Question

How do you find the vertices and intercepts for \[y = {x^2} + 8x + 15\]?

Answer 1

Hint: The equation in the question represents a parabola, and we have to find its vertices and intercepts, to find the vertex we have to transform the equation into its standard form which is given by \[y = a{\left( {x - h} \right)^2} + k\], where \[\left( {h,k} \right)\] is the vertex of the parabola and to find the intercepts we have assume one variable as zero to find the value of other variable i.e., if we have to find variable \[x\] we have to assume \[y = 0\], and if we have to find variable \[y\] we have to assume \[x = 0\].

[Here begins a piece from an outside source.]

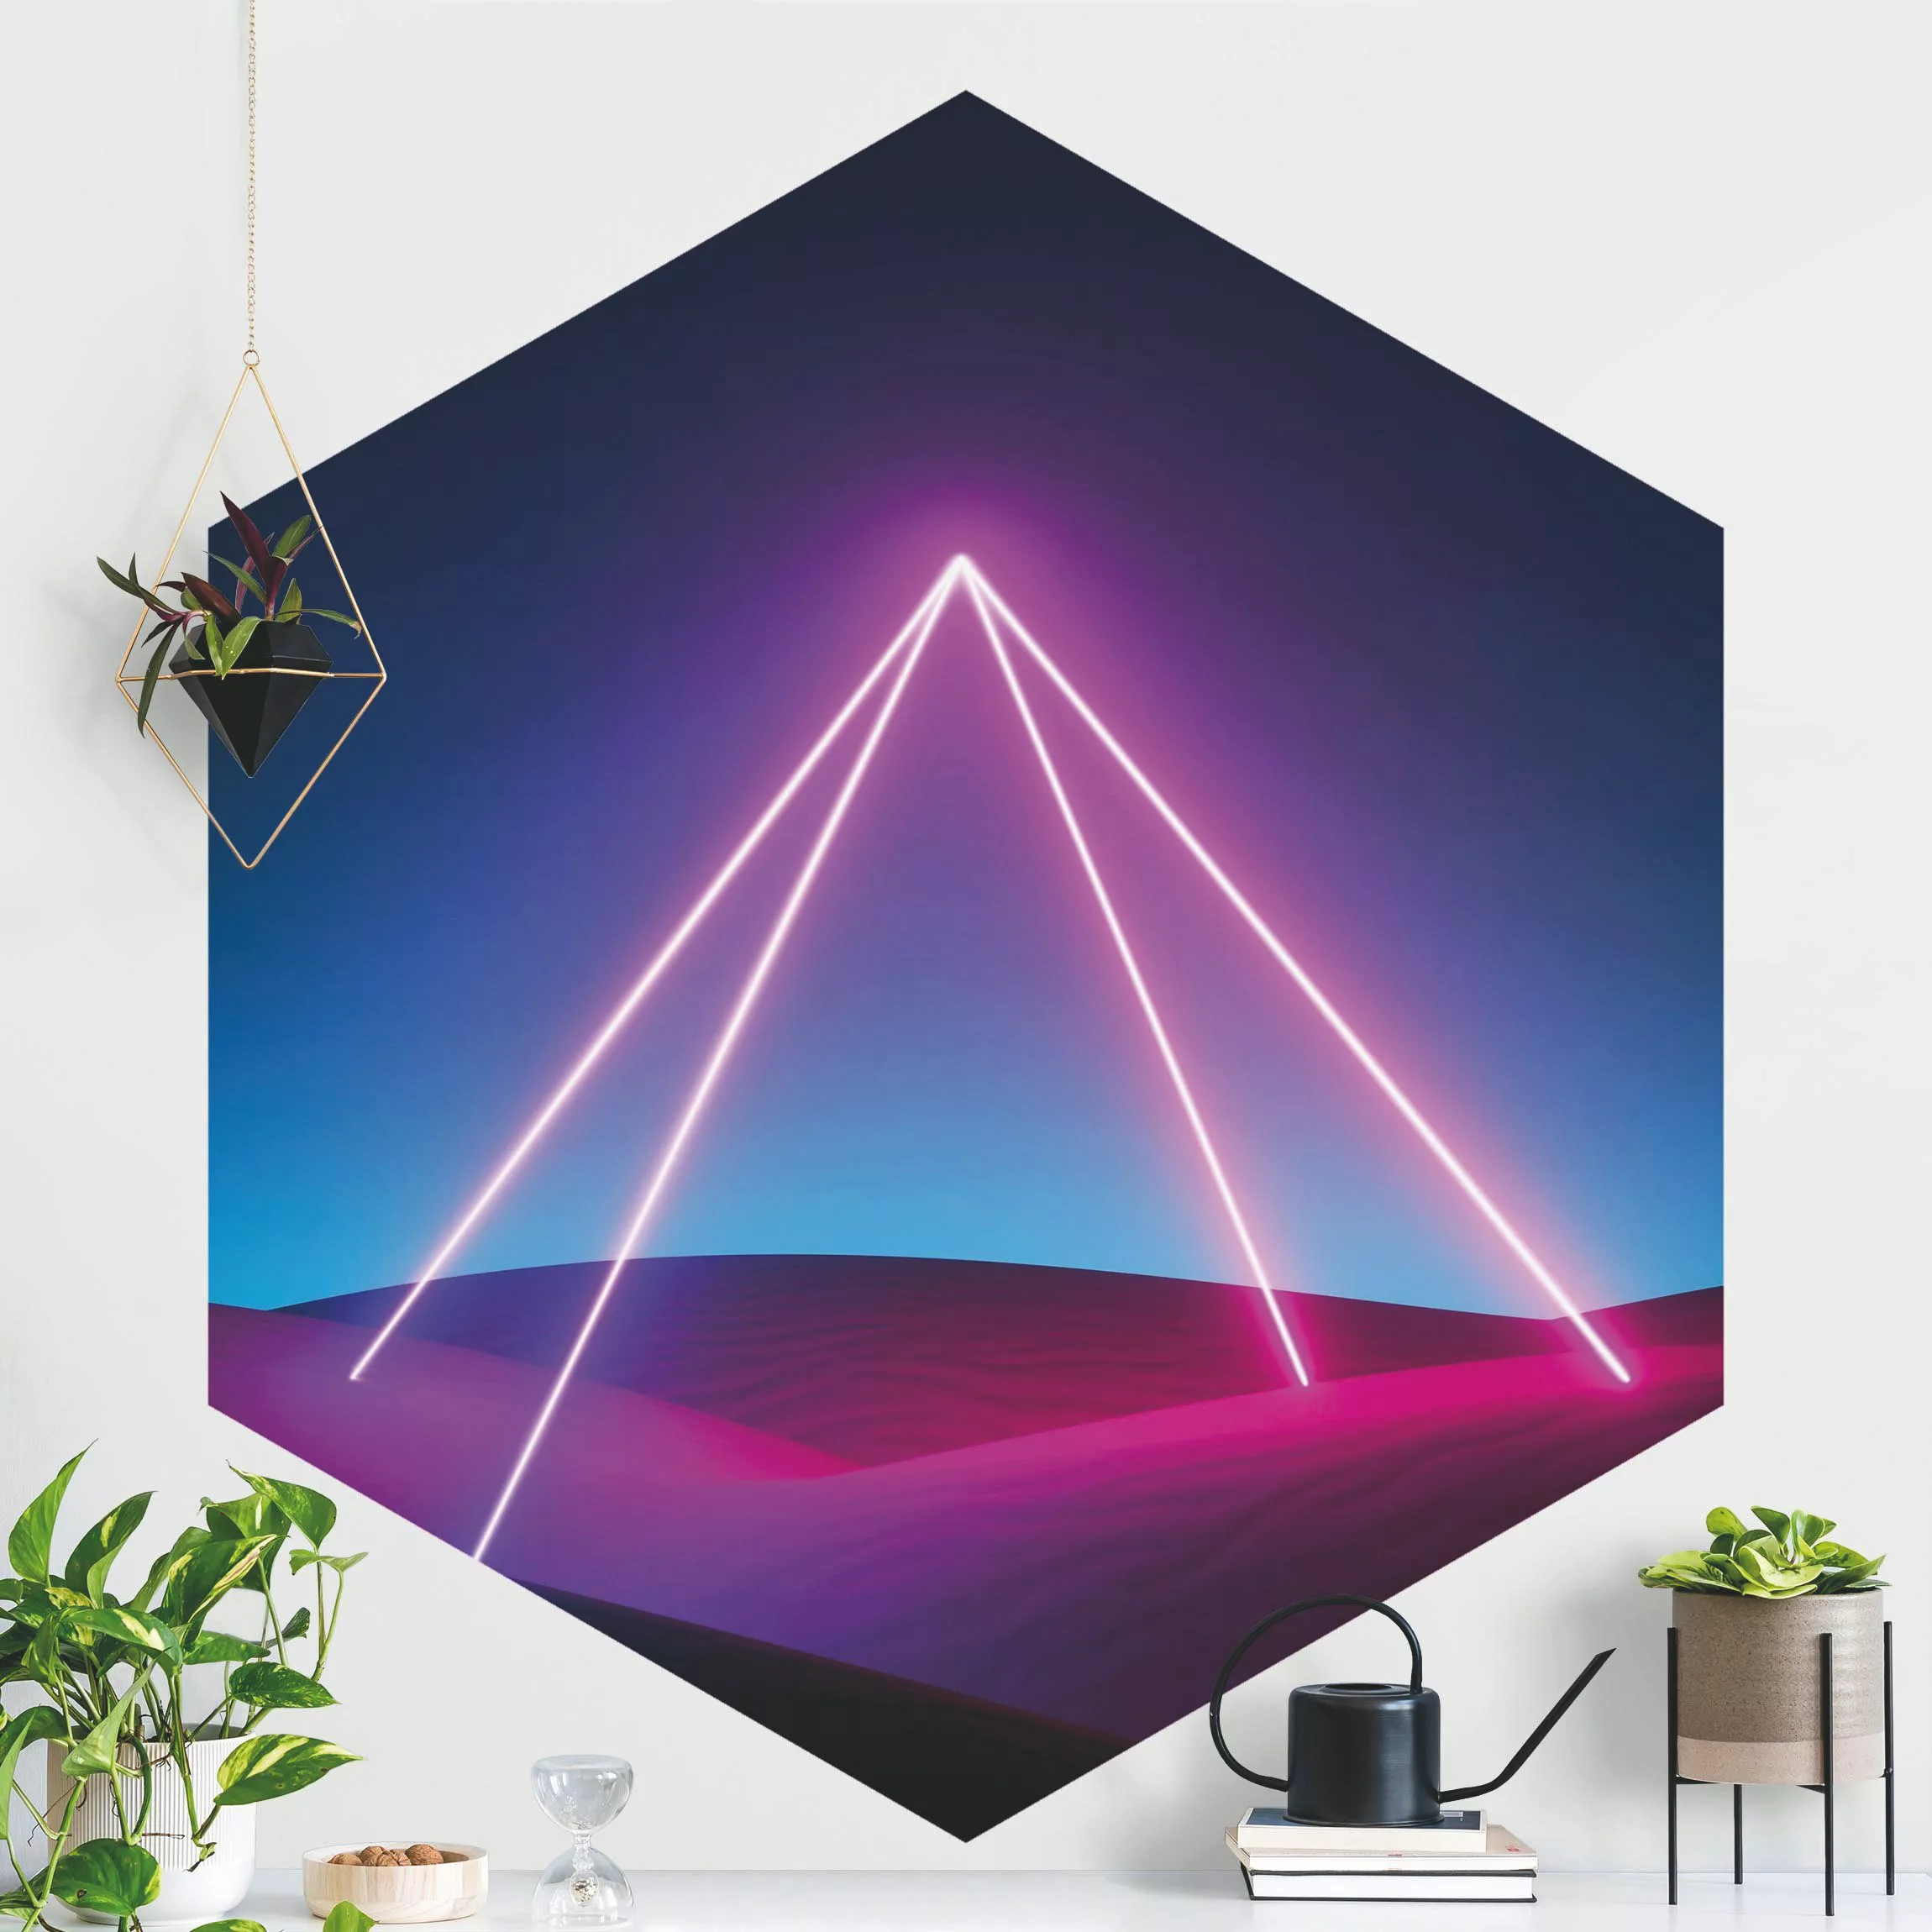 Hexagon Mustertapete selbstklebend Neonlichtpyramide günstig online kaufen

Complete step-by-step answer:
Given the equation is \[y = {x^2} + 8x + 15\], from the equation we can say that the equation represents a parabola and the parabola does not pass through the origin.
Now the given equation is in the standard form of equation of parabola which is given by \[y = a{x^2} + bx + c\],
Comparing the given equations we get,
\[ \Rightarrow \]\[a = 1\], \[b = 8\] and \[c = 15\],
So from the above data, \[a > 0\] which means the parabola opens upwards.
Now to find the intercepts we have assume one variable as zero to find the value of other variable i.e., if we have to find variable \[x\] we have to assume \[y = 0\], and if we have to find variable \[y\] we have to assume \[x = 0\].
So, here put \[x = 0\], we get,
\[ \Rightarrow y = {\left( 0 \right)^2} + 8\left( 0 \right) + 15\],
Now simplifying we get,
\[ \Rightarrow \]\[y = 15\],
So \[y\]-intercept of the parabola is \[\left( {0,15} \right)\].
Now substitute \[y = 0\] to find the intercept of \[x\],
\[ \Rightarrow 0 = {x^2} + 8x + 15\],
Now make the equation the perfect square by adding \[{\left( {\dfrac{b}{{2a}}} \right)^2}\] here it will be \[{\left( {\dfrac{b}{{2a}}} \right)^2} = {\left( {\dfrac{8}{2}} \right)^2} = {4^2} = 16\] to both sides of the equation we get,
\[ \Rightarrow 0 + 16 = {x^2} + 8x + 16 + 15\],
Now\[\left( {{x^2} + 8x + 16} \right)\] is a perfect square, we get,
\[ \Rightarrow {\left( {x + 4} \right)^2} + 15 = 16\],
Now taking 15 to the other side we get,
\[ \Rightarrow {\left( {x + 4} \right)^2} = 16 - 15\],
Now simplifying we get,
\[ \Rightarrow {\left( {x + 4} \right)^2} = 1\],
Now taking the square root we get,
\[ \Rightarrow \left( {x + 4} \right) = \pm 1\],
So we get the two values for \[x\] and they are \[x + 4 = 1\] and \[x + 4 = - 1\], and the value for \[x\] are -3 and -5.
The \[x\]-intercepts are \[\left( { - 3,0} \right)\] and \[\left( { - 5,0} \right)\].
Now to find the vertex of the parabola, transform the equation into the vertex form i.e., \[y = a{\left( {x - h} \right)^2} + k\], where\[\left( {h,k} \right)\] is the vertex of the parabola,
So here the equation is \[y = {\left( {x + 4} \right)^2} - 1\],
Now comparing the equations we get,\[a = 1\],\[h = - 4\] and \[k = - 1\],
So the vertex of the parabola is \[\left( { - 4, - 1} \right)\],
If we plot the parabola, we get the graph as,

\[\therefore \]The vertex of the parabola \[y = {x^2} + 8x + 15\] is \[\left( { - 4, - 1} \right)\], the \[y\]-intercept of the parabola is \[\left( {0,15} \right)\] and the \[x\]-intercepts are \[\left( { - 3,0} \right)\] and \[\left( { - 5,0} \right)\].

Note:
Symmetric points are called the points which are equidistant from the axis of symmetry and lie on the \[x\]-axis and they are calculated as [x\]-intercepts. To find the vertex of the parabola we can also make use of the standard form of the equation \[y = a{x^2} + bx + c\], where the axis of symmetry or the x-coordinate is given by \[x = \dfrac{{ - b}}{{2a}}\] and then we will find the value of \[y\] from the equation of the parabola.